┌──

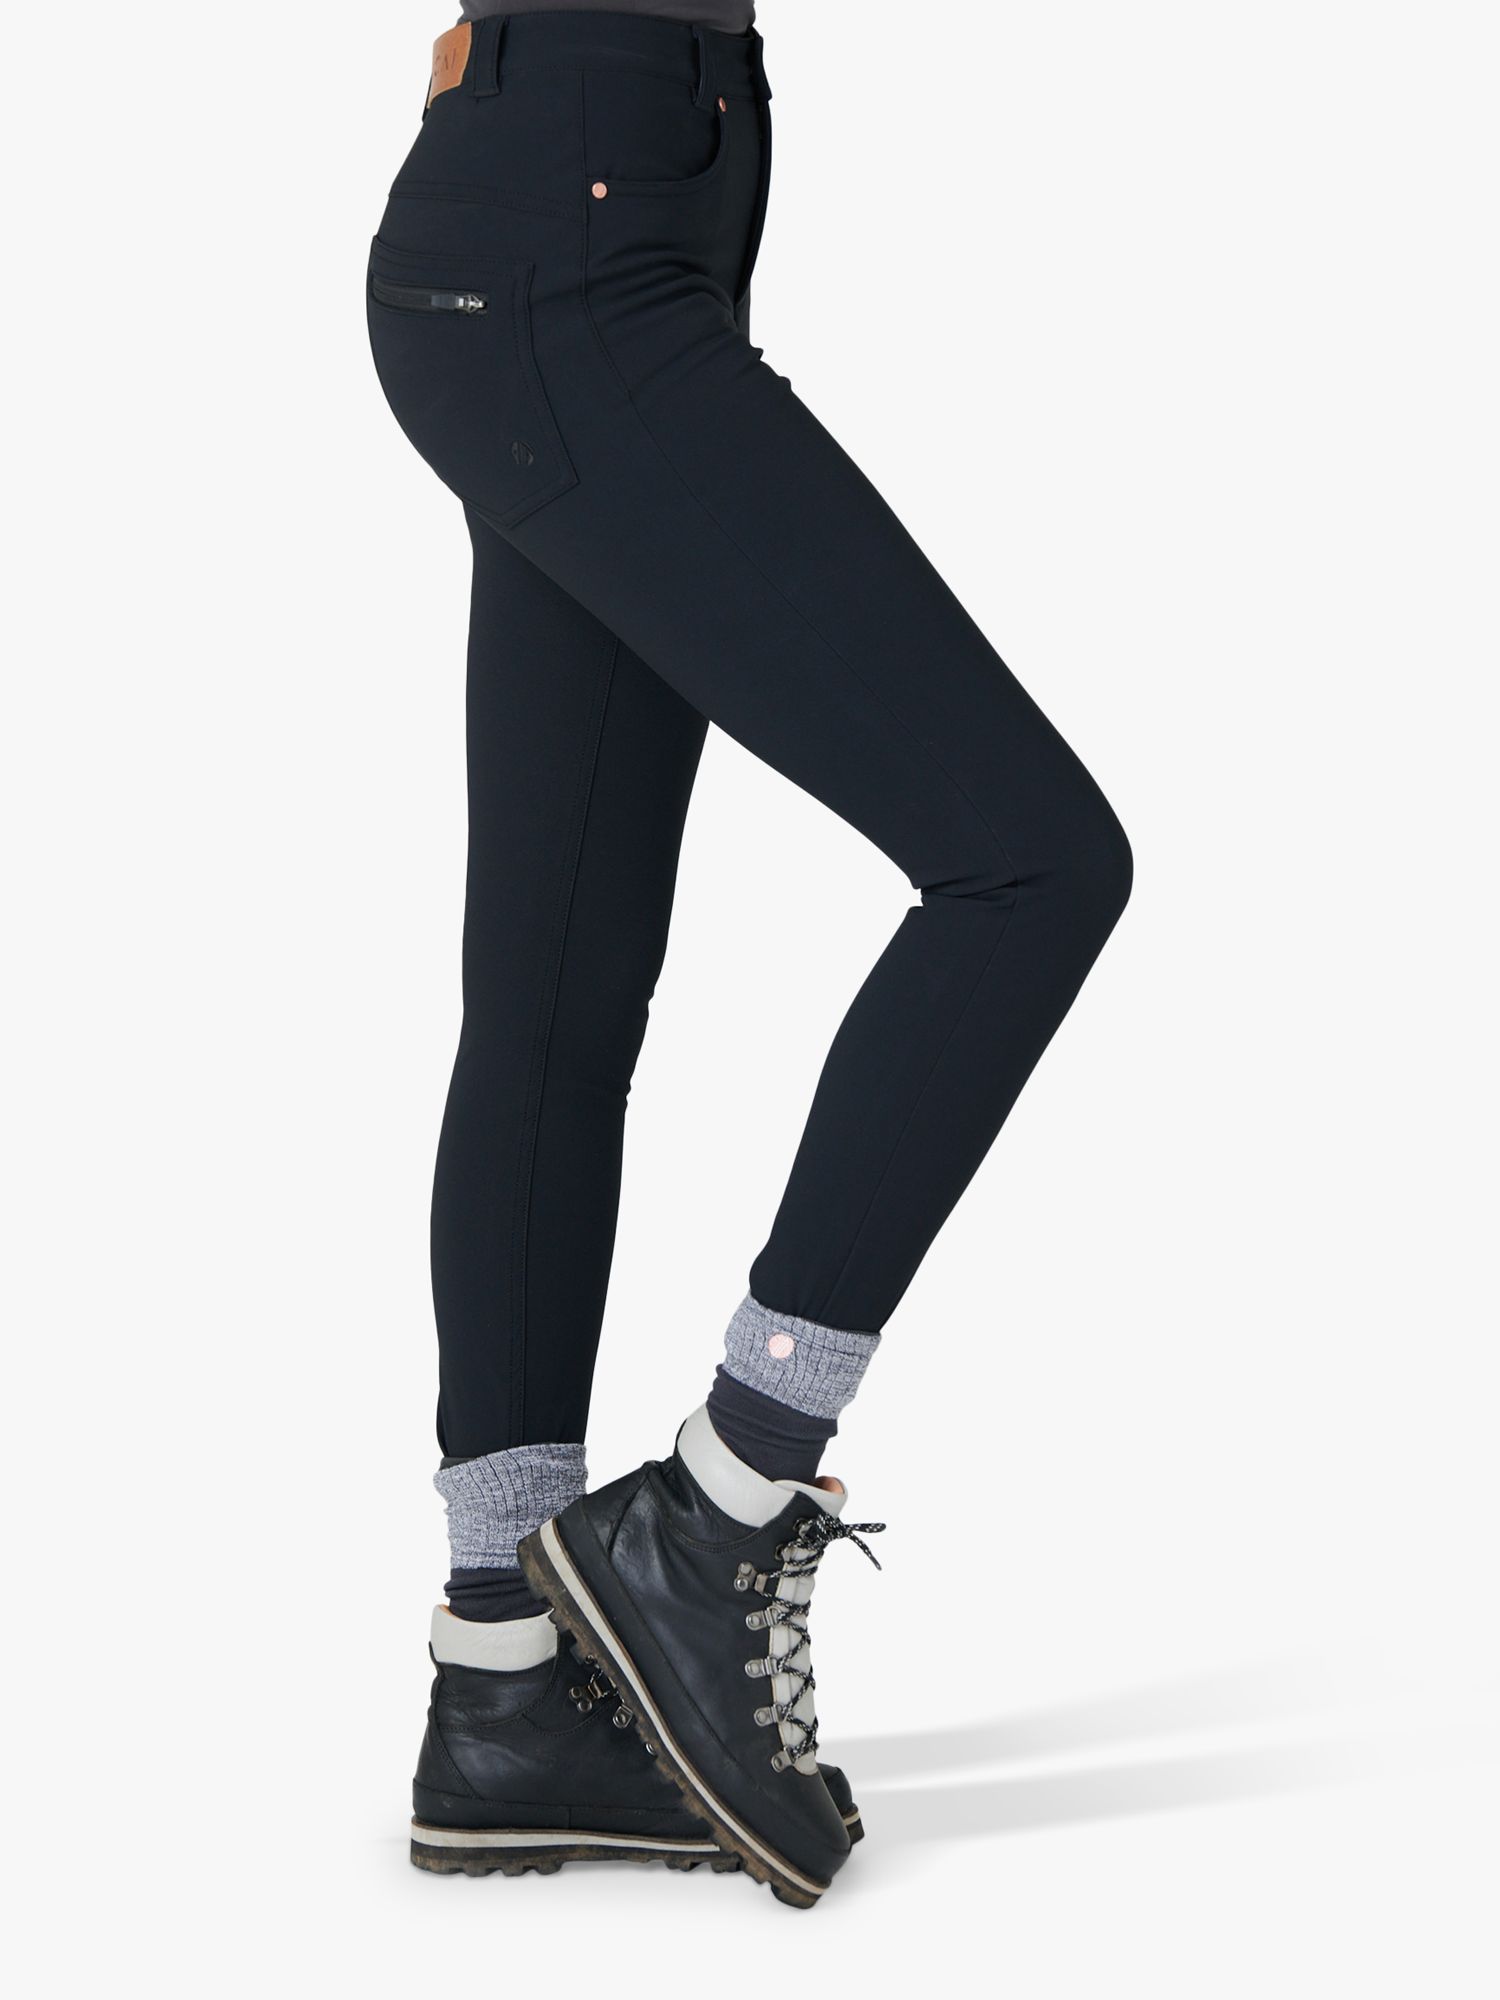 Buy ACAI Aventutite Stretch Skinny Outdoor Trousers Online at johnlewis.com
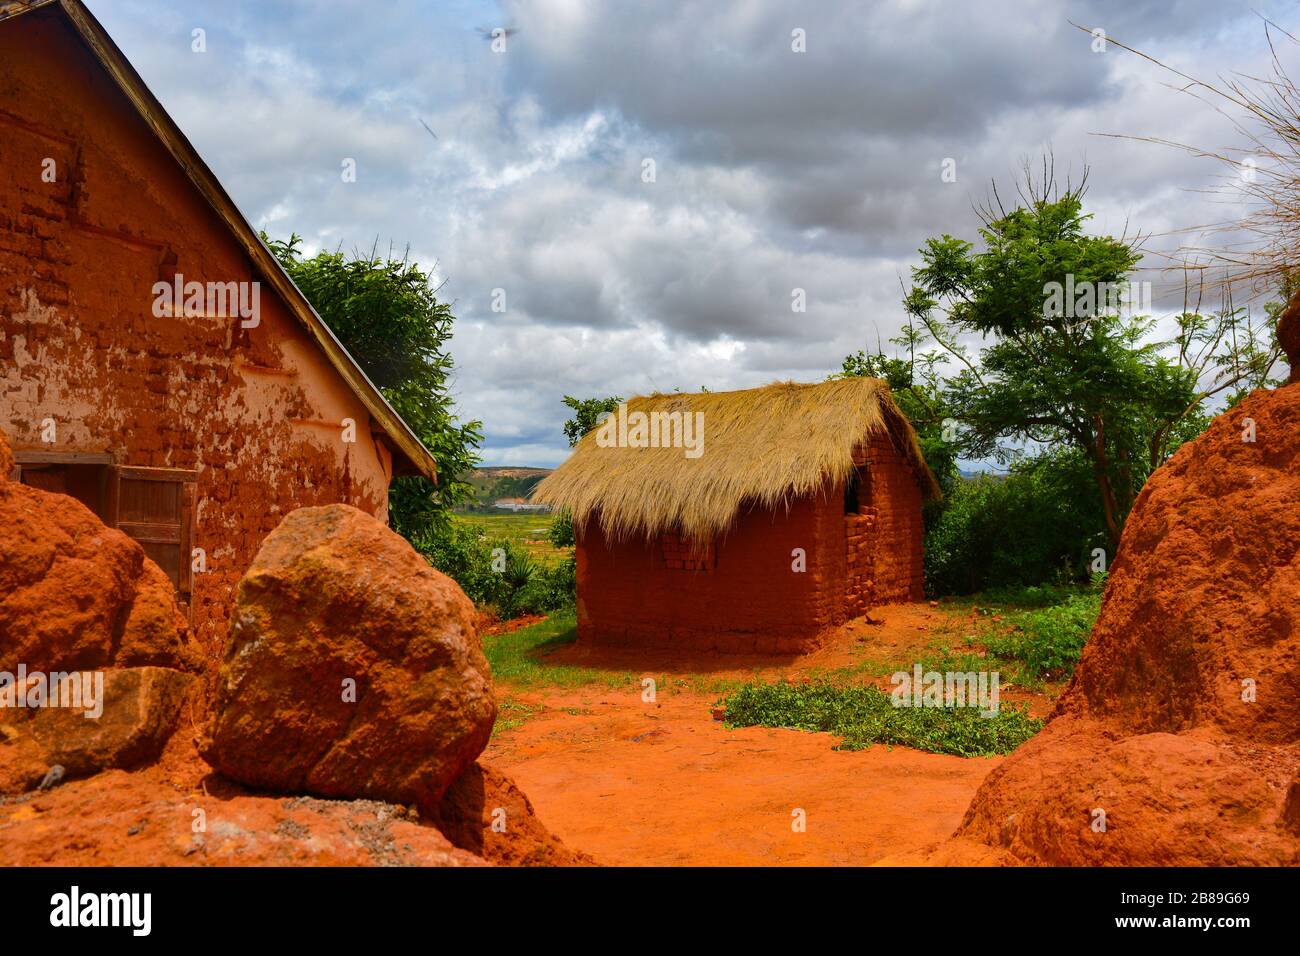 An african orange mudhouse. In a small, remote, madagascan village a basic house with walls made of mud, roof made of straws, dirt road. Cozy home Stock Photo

└──
┌──

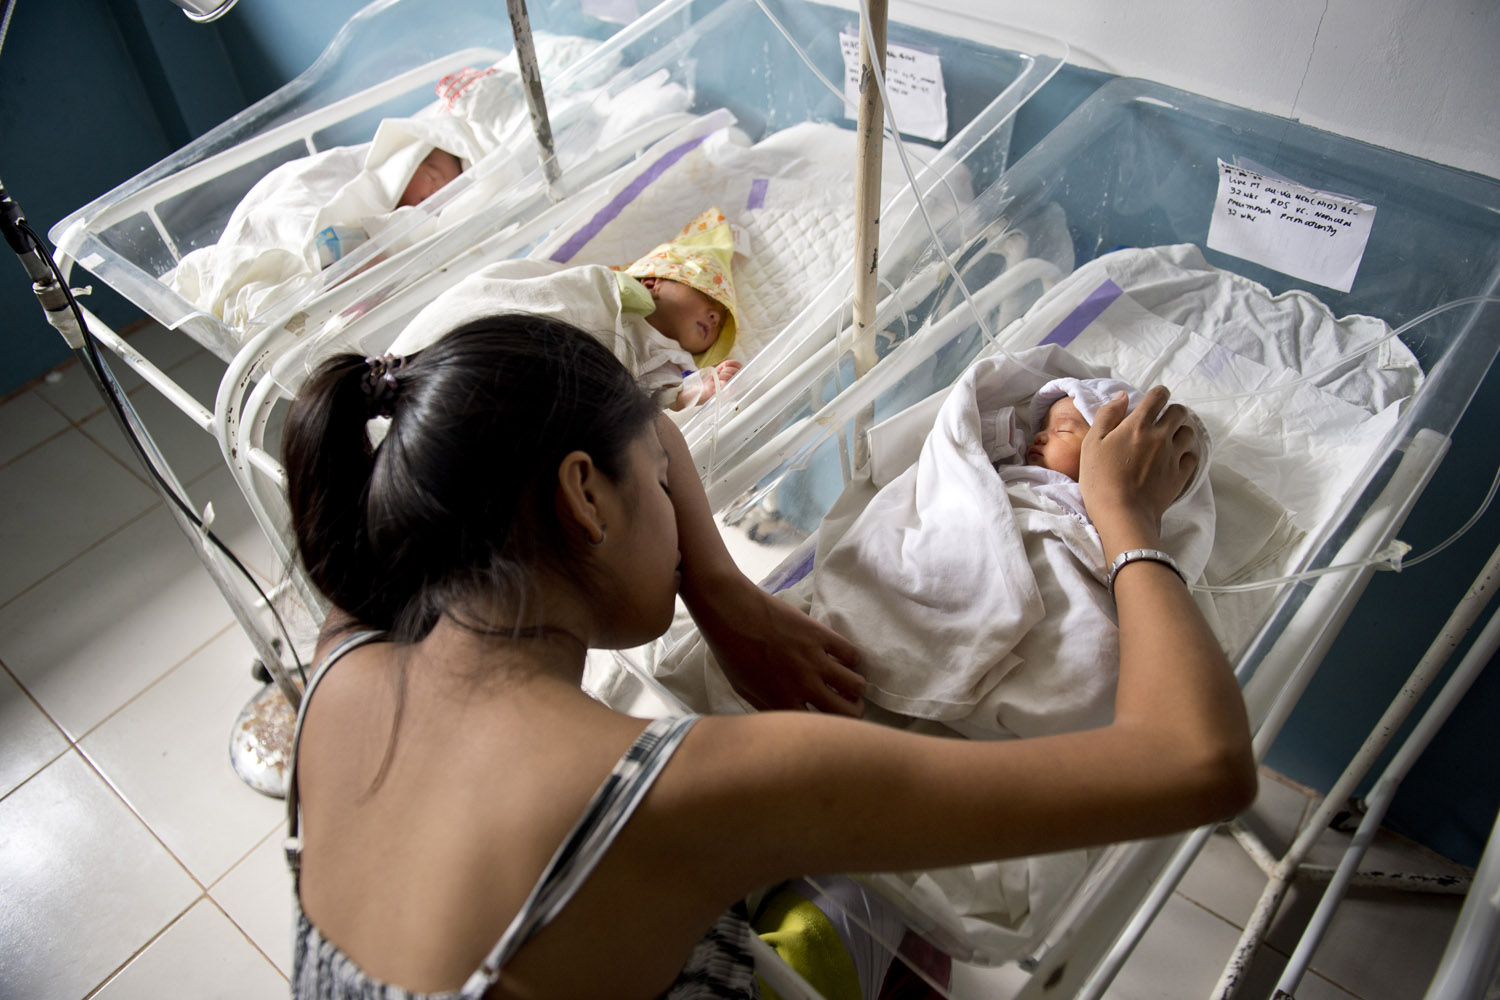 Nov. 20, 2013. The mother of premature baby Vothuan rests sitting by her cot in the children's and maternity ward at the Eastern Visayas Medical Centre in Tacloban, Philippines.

└──

Everything from the line above that contains "Buy ACAI Aventutite" down to the line that contains "An african orange" must be reproduced exactly, both ends included. Omit the pictures.

 Buy ACAI Aventutite Stretch Skinny Outdoor Trousers Online at johnlewis.com
 An african orange mudhouse. In a small, remote, madagascan village a basic house with walls made of mud, roof made of straws, dirt road. Cozy home Stock Photo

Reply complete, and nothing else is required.